If your wife is going out a lot, perhaps you are providing her with too much money. I guess what I'm trying to say is that you are making things too easy for her. You feel she is staying with you because of the money and I can see your point. 

Hang in there; I know how the limbo life can be torture.


----------



## voivod

lmh11706 said:


> she says she just wants space to clear her head and to be alone and go out with her friends-space to do what exactly-go out to the club every sat nite-otherwise shes home with me and the kids every other night
> 
> 
> HOW LONG CAN I WAIT FOR HER TO FORGIVE-OR NOT.she has to decide at some point wheter she wants to save the marriage or divorce me.i told her i can not live this way for months and months.she knows i want to stay with her and feel sometimes shes just making me suffer.like i did to her.
> 
> 
> 
> everyone keeps telling me its not over-her family,my family-but if she felt any love for me when-maybe shes just not feeling it anymore-i dont know.but then lets end it and move on with our lives instead of living in limbo


sounds like the only "ME" time she wants is time at this club with this guy...am i wrong??

how long can you wait??? how bad do you want it to work out???

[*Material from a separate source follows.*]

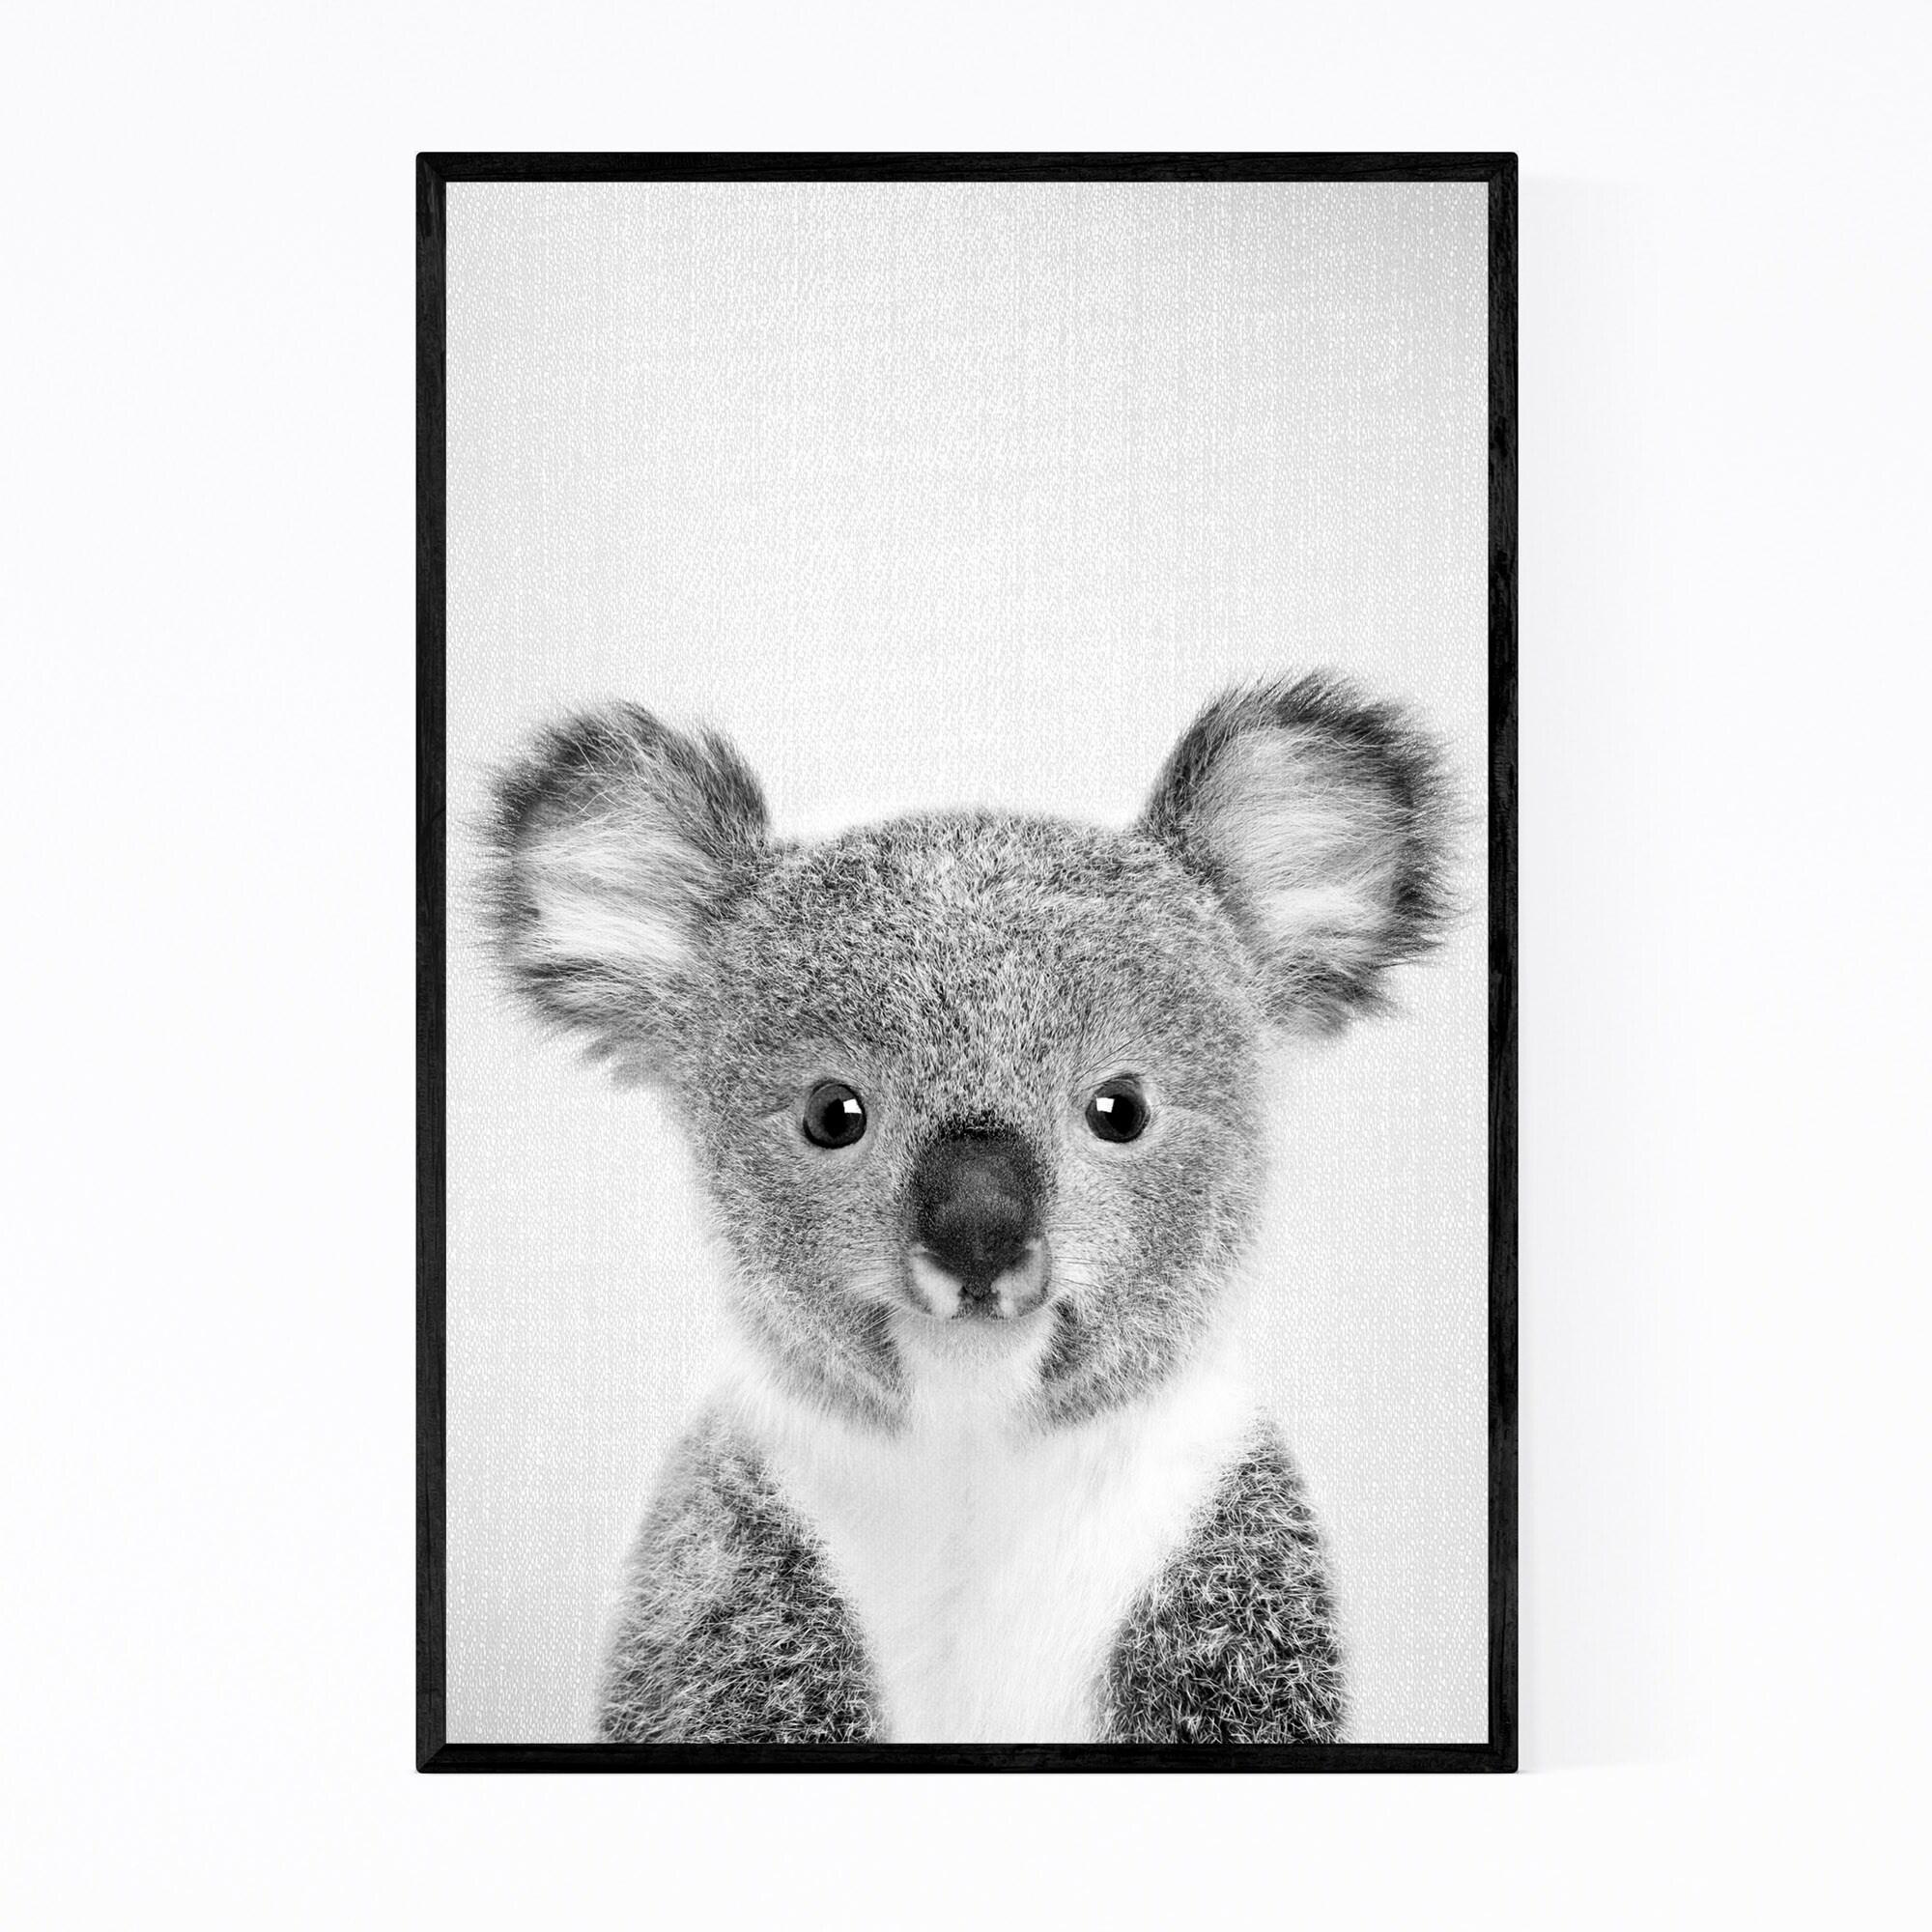 Shop Noir Gallery Cute Baby Koala Peekaboo Animal Framed Art Print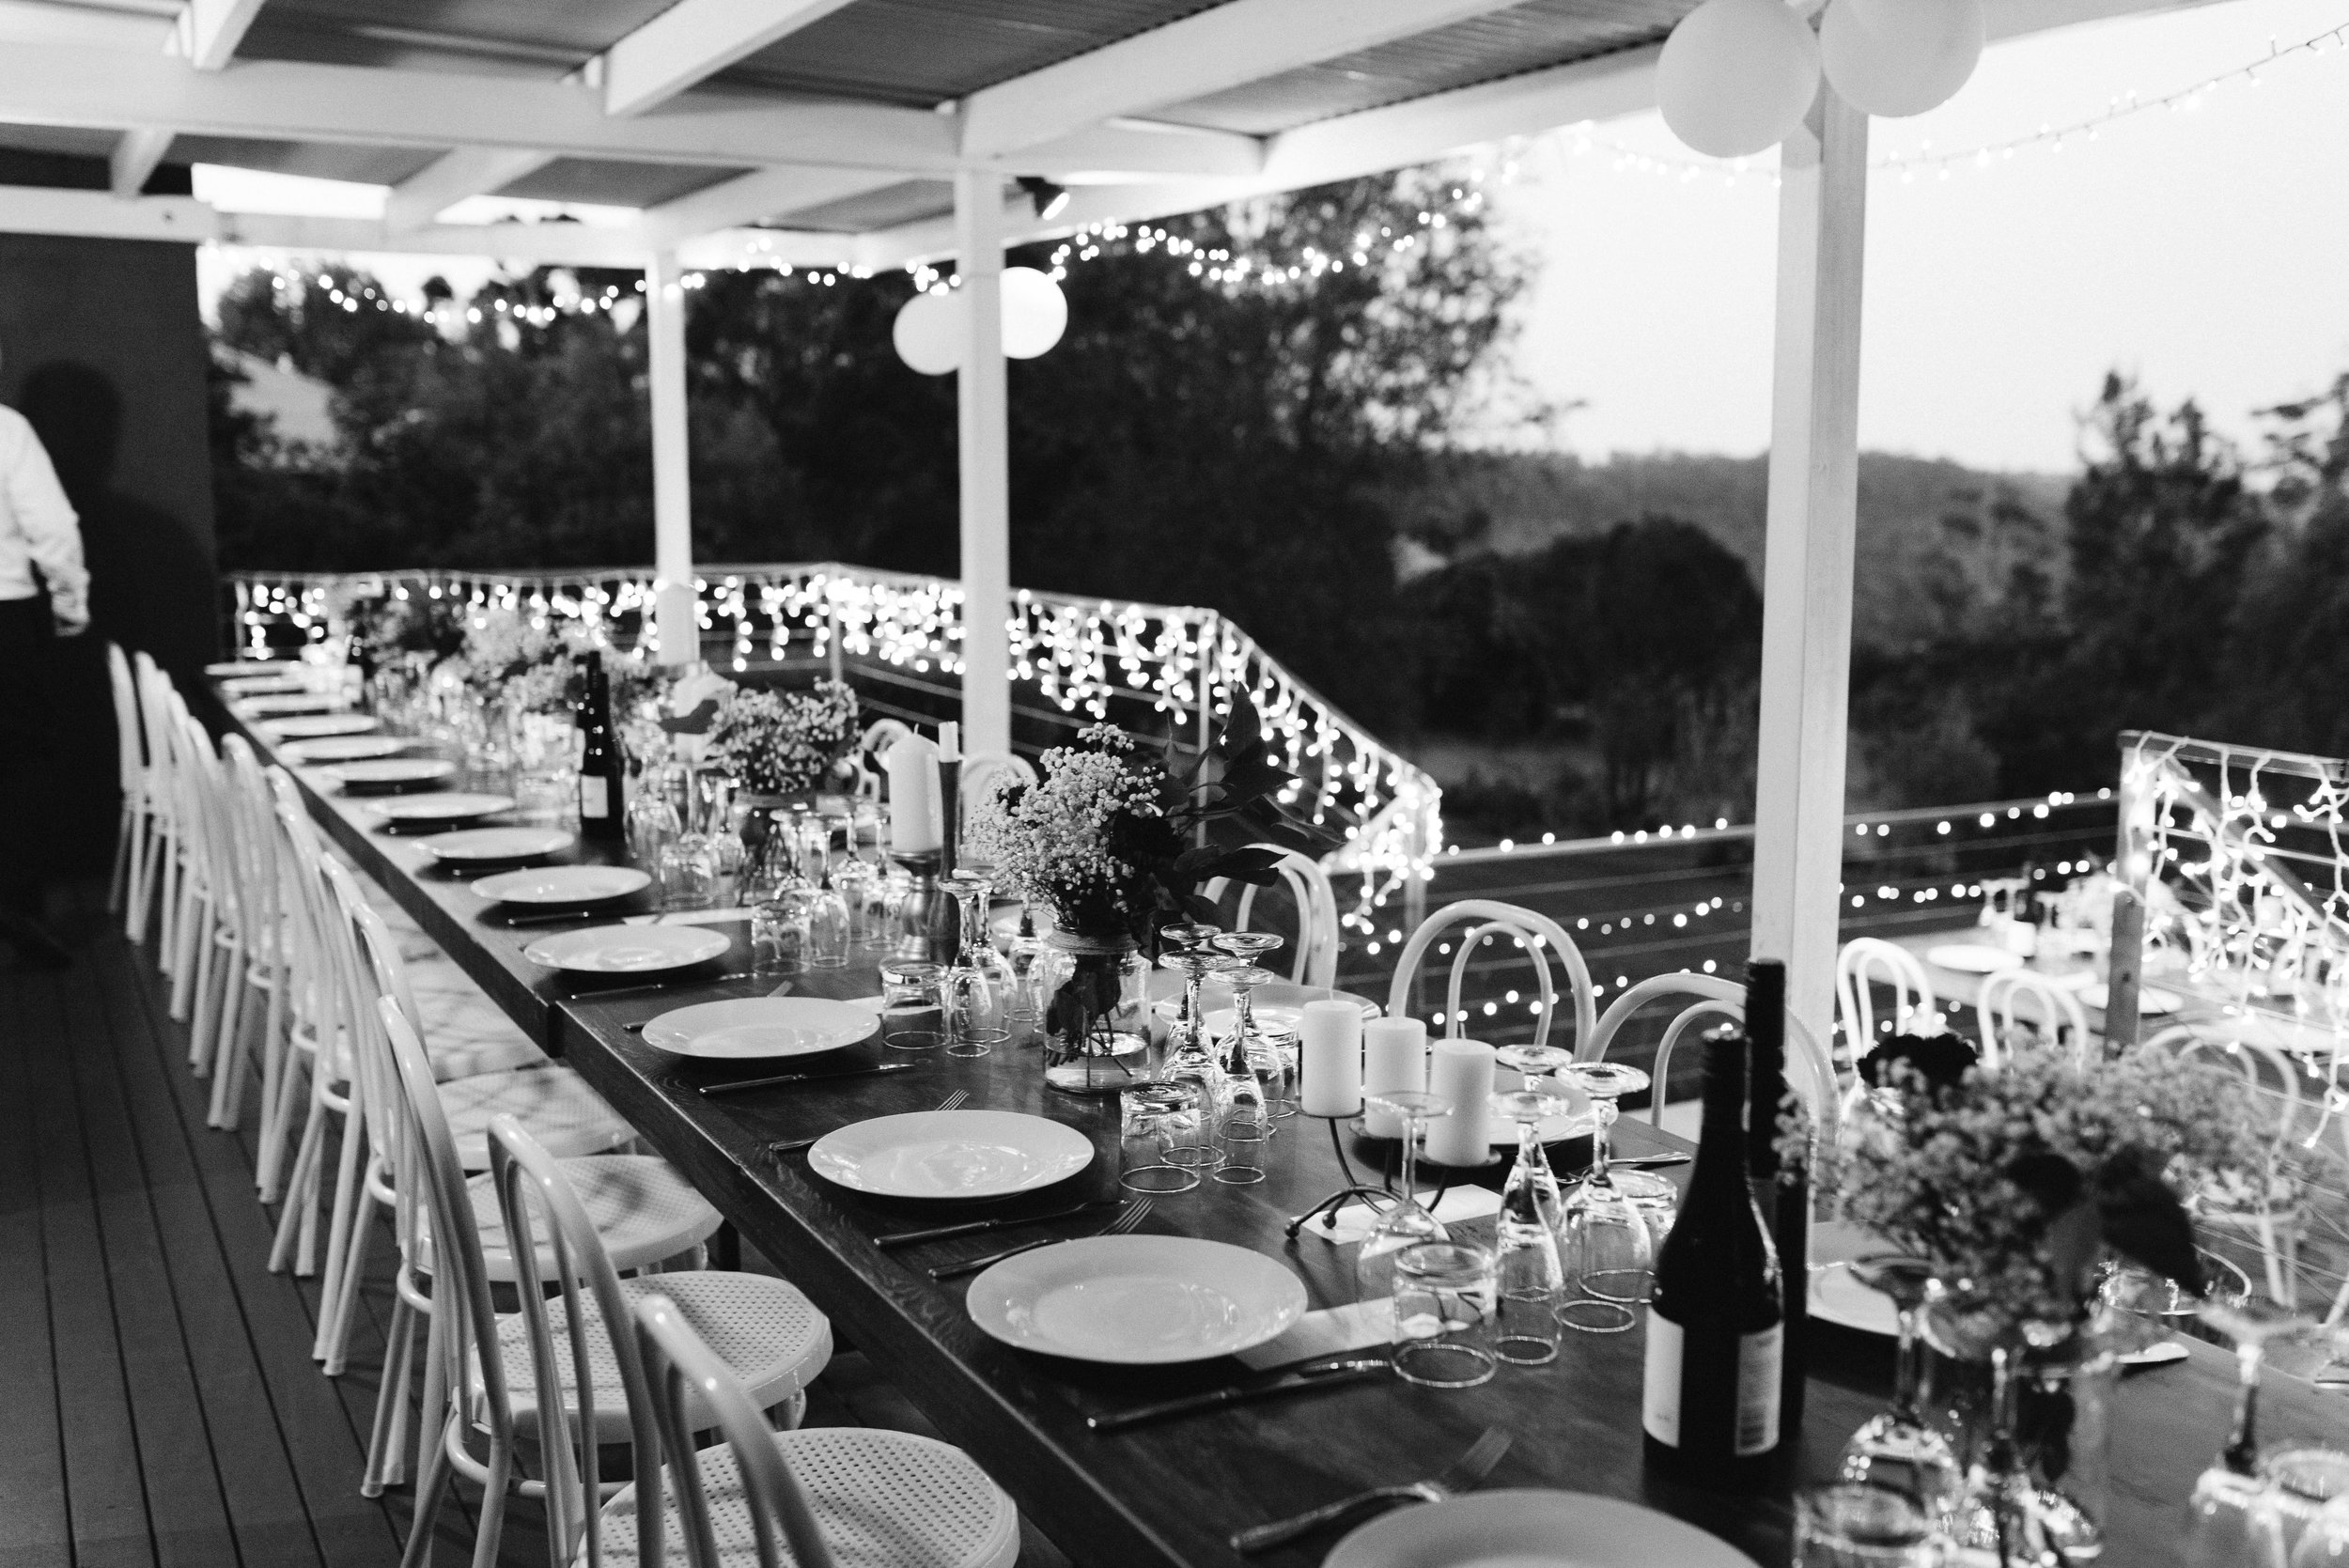 brisbane-gold-coast-sunshine-coast-wedding-photographer-mount-tamborine-wedding-1-71.jpg

can YOU move on???you say "maybe it's time." well, is it? by how i read this you don't want that.

we could all ask ourselves that question. "is it time to move on" and the answer almost all the time would be a resounding "NO."
i suspect that's your answer too. i hope so.

btw--the family's opinions are just that, opinions. lucky for you they sound supportive. but careful who you use for focus groups. that could backfire.

good luck.

and maybe say a prayer. He listens.


----------